We'll read what many others have written
about being alive,
and we'll write what we think and feel,
or at least some of it.
Some of it we'll bury on the playground
when nobody's looking.

Evaluations will be gentle,
since nobody has ever mastered
the art of thirteen
going on fourteen.
Or any other age, really.
We're all just figuring it out as we go along.

Ready? Let's begin.

Ruth Hersey


Make a mistake for goodness sake!
Take a risk in being wrong.
Listen to a different drummer
Write the words to your own song.

Be wild and woolly whenever you can.
Be foolish and daring and brave.
Be silly and fun. Skip when you run.
And try not to always behave.

Be honest and fair. Act like you don't care.
Be loving and caring and free.
Just be yourself. Take care of your health.
And don't listen to people like me.

Charles Ghigna


Are you sorry?

I don't know
but I have your
wounding words

splashed across
my brain and heart
like spray-painted letters-

and eye-catching--

how can I think other thoughts
with these here
taking up all the room?

I carefully
peel up the words
like stickers,

letter by letter
tugging up the edges,
and pulling carefully--

when they rip,
I start over,
picking from another side
until finally…
they all come loose,
flimsy and flat,

so I crumple them up
and toss them away.

Tabatha Yeatts

Kiesha is hosting Poetry Friday at Whispers From the Ridge. Head on over to read lots more great poetry.


Linda B said...

I'm just sorry I didn't have it when I was teaching those middle-schoolers! It's a gift for all ages, perhaps, but is a perfect one for showing how imperfect everyone really is.

Tabatha said...

Thank you, Carol!! I wish I could have given IMPERFECT to middle-school you :-)

Mary Lee said...

This would have DEFINITELY been my favorite book in middle school.

Donna Smith said...

Middle school can be rough, as can high school, and adulthood! This is a good book for everyone!

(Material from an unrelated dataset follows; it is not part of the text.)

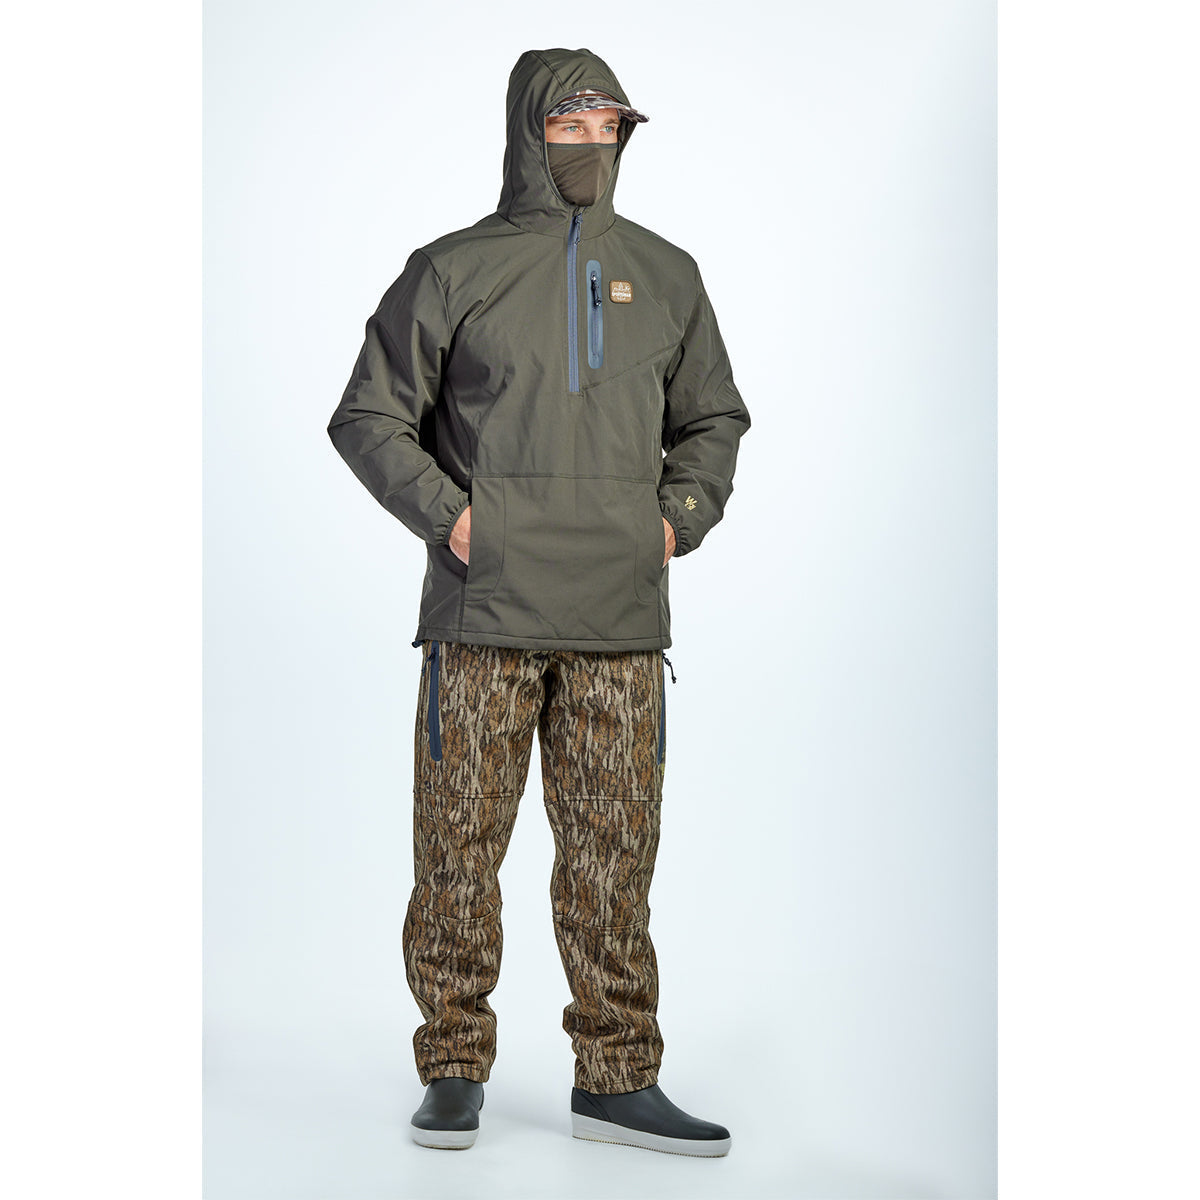 Sportsman W3i Insulated Water and Wind Resistant Hunting & Fishing Hoodie 2x / Realtree Max7

Whispers from the Ridge said...

So glad this book is out there for this age group. It sounds amazing.

Jane @ said...

I remember, as an adult, when I finally realized that most of us are just muddling along, making things up as we go along! Growing up I always felt like everyone else knew what they were doing and had it all together - how mistaken I was!!

Michelle Kogan said...

Glad this book is out there too, for all to find, read, reread and talk about our own mistakes. Thanks for sharing it Carol!

Diane Mayr said...

It's a fine collection. I purchased a hardcover copy for the library I work in and I hope those who need it, find it.

Buffy Silverman said...

It is a perfectly imperfect collection--so glad you plan to share it with your students

Ramona said...

I think it's time I picked up a copy of this book. Love Ruth Hersey's poem and these words: "Evaluations will be gentle."

Heidi Mordhorst said...

Middle school is the hardest hardest hardest, I think...and I think it often starts in 5th grade these days. You'll be terrific in 6th, especially with this book to help!